The collection consists of 39 13"x19" color photographs printed on Epson Exhibition Fiber Paper.
Nadia Sablin, a native of Russia, earned a B.F.A. from the Rochester Institute of Technology in 2002 and an M.F.A. from Arizona State University in 2011. A freelance photographer based in Brooklyn, New York, Sablin’s work has been featured in such publications as the New York Times, the Guardian, the Moscow Times, Slate, American Photo, the Calvert Journal, and WPO’s The Magazine. Sablin has received the Firecracker Photographic Grant, a New York Foundation for the Arts fellowship, a Puffin Foundation Grant, and was named one of the Magenta Foundation’s Emerging Photographers in 2011 as well as Sean O’Hagan’s Juror’s Pick for the Daylight Photo Awards in 2013. Sablin’s photographs have been seen in solo and group exhibitions across the U.S., including the Philadelphia Museum of Art, the Southeast Museum of Photography, the Cleveland Museum of Art, Blue Sky Gallery in Oregon, and Texas Women’s University School of Art.
About the CDS/ Honickman First Book Prize in Photography: North American photographers who are pursuing work of creative or social importance have too few opportunities for support and recognition; this is especially true when photographers are engaged in personal or in-depth ongoing projects. And while there are other sources for grants and fellowships in photography, the chance to see a body of work in print, as a coherent book-length work, is rare. Concerned about these problems and recognizing their shared organizational interests, the Honickman Foundation and the Center for Documentary Studies at Duke University came together to create this important biennial book-publication prize, first awarded in 2002.

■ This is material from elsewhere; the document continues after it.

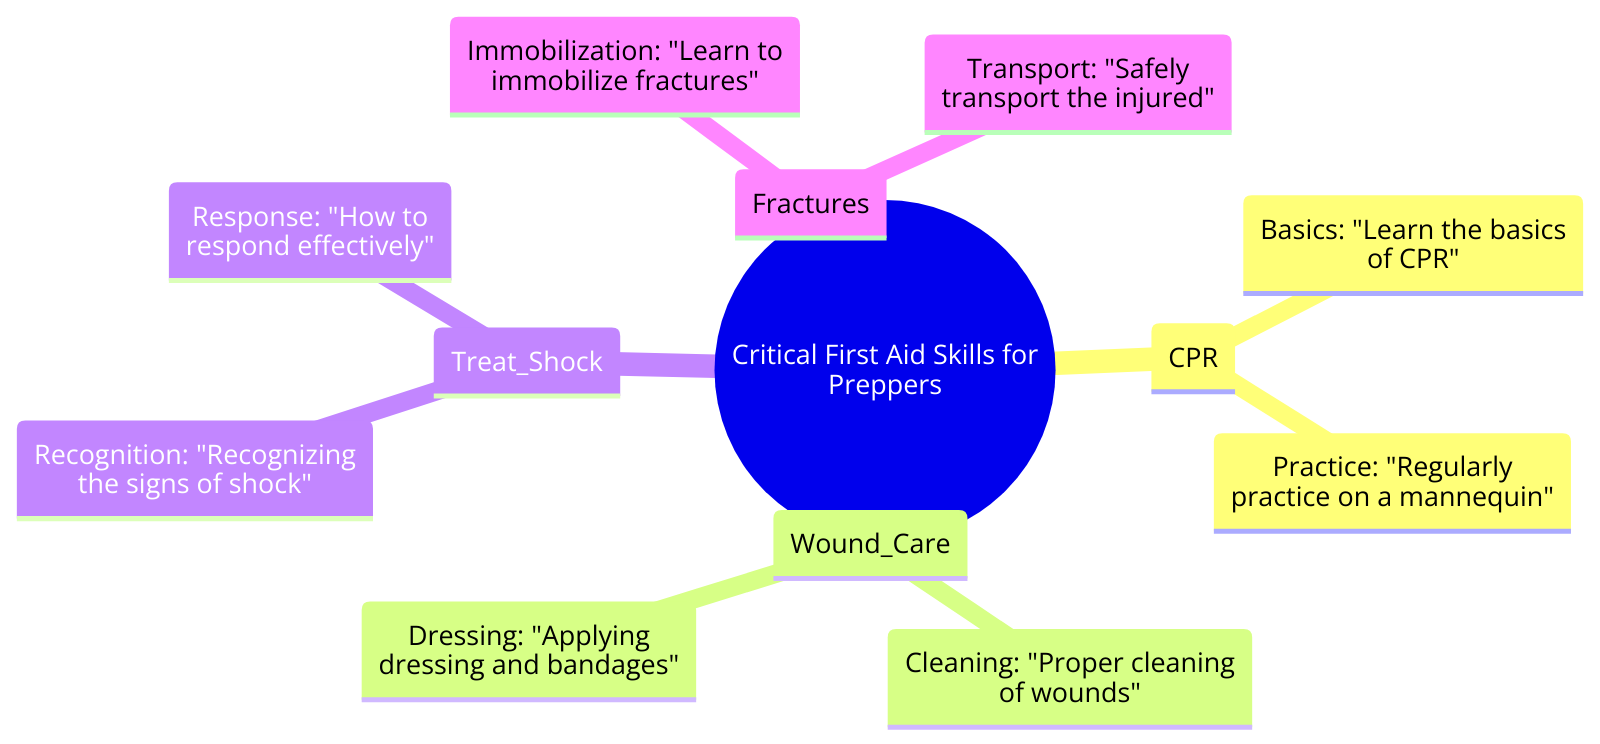 diagram illustrating the critical first aid skills every prepper should know, including CPR, wound care, and how to treat shock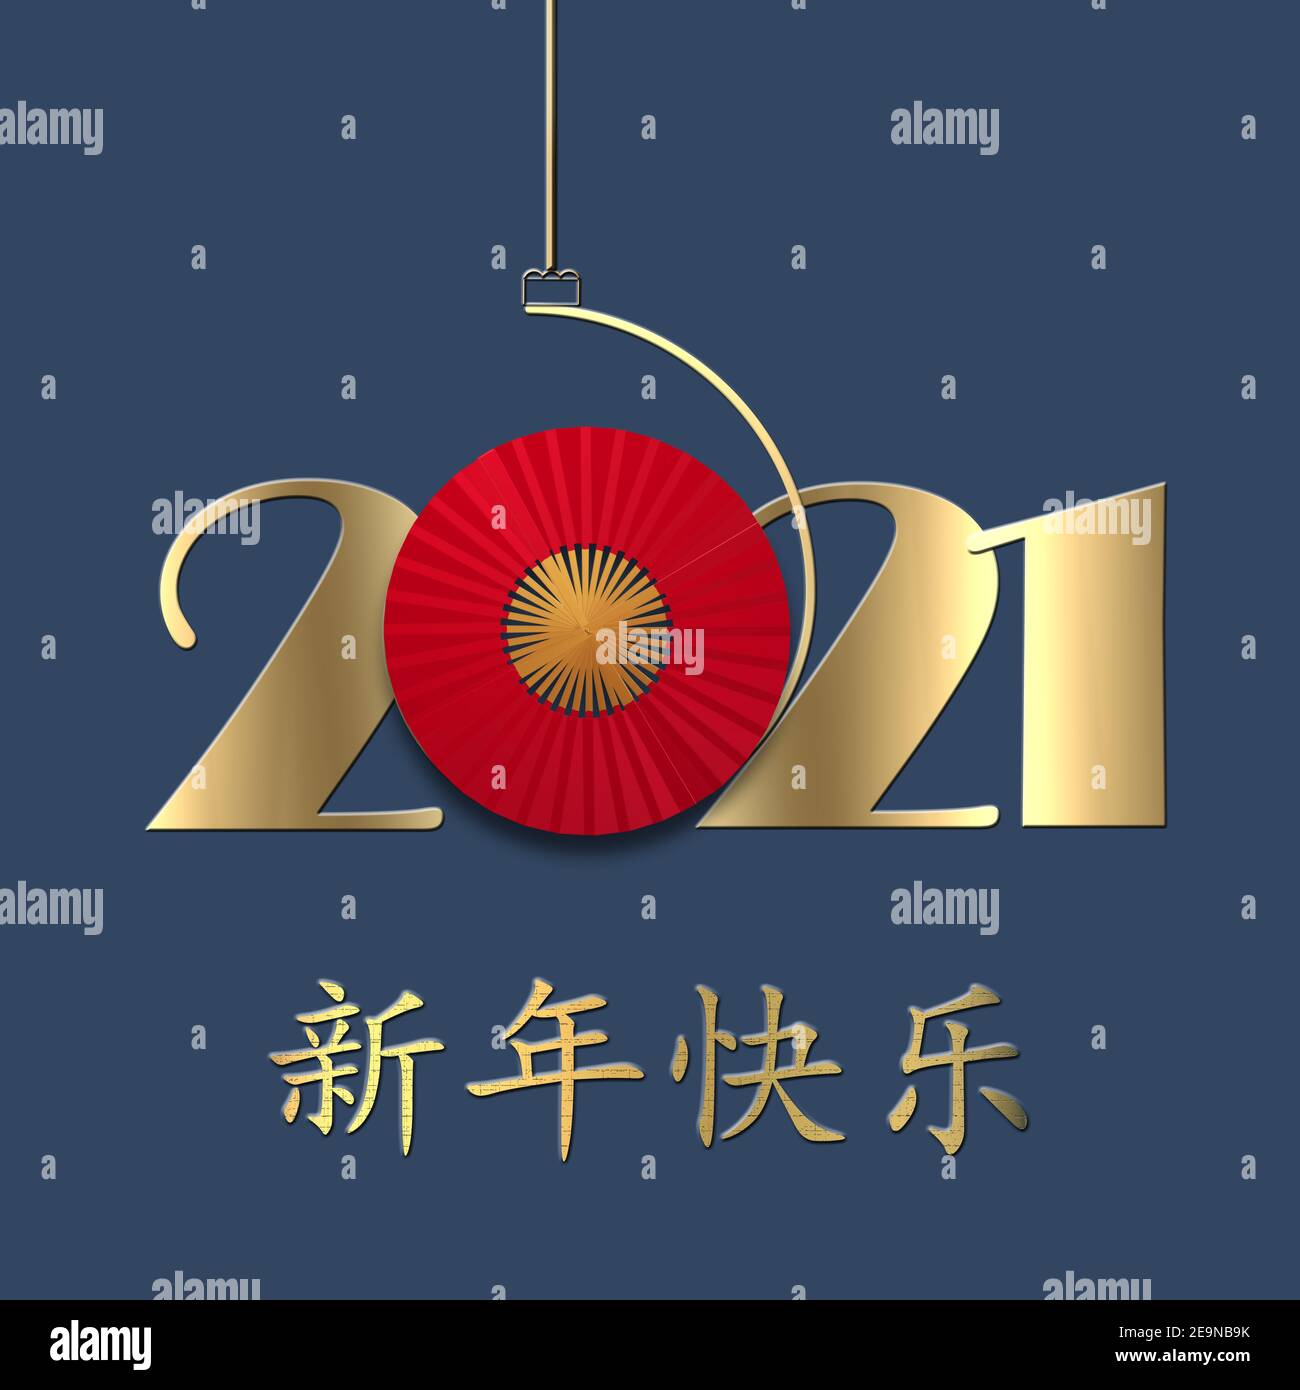 Nouvel an chinois 2021 sur fond bleu. Gold text Happy Chinese New Year, DIGIT 2021, fan Design for greetings, oriental New Year card. Illustrat 3D Banque D'Images

The prize is open to North American photographers who use their cameras for creative exploration, whether it be of places, people, or communities; of the natural or social world; of beauty at large or the lack of it; of objective or subjective realities. The prize honors work that is visually compelling, that bears witness, and that has integrity of purpose.
Judges for the First Book Prize in Photography are among the most significant and innovative artists, curators, and writers in contemporary photography: Robert Adams, Maria Morris Hambourg, Robert Frank, Mary Ellen Mark, William Eggleston, and Deborah Willis.
Winners of the CDS/Honickman First Book Prize in Photography receive a grant of $3,000, publication of a book of photography, published by Duke University Press and the Center for Documentary Studies, and inclusion in a website devoted to presenting the work of the prizewinners. Winners also receive a solo exhibit—-beginning with the 2014 prize, at Duke University’s new Rubenstein Library Photography Gallery—-after which the photographs are placed in the library’s Archive of Documentary Arts.
Sandra S. Philips selected Nadia Sablin to win the seventh biennial competition in 2014 for her body of photographs that have been published Aunties by Duke University Press and CDS Books of the Center for Documentary Studies.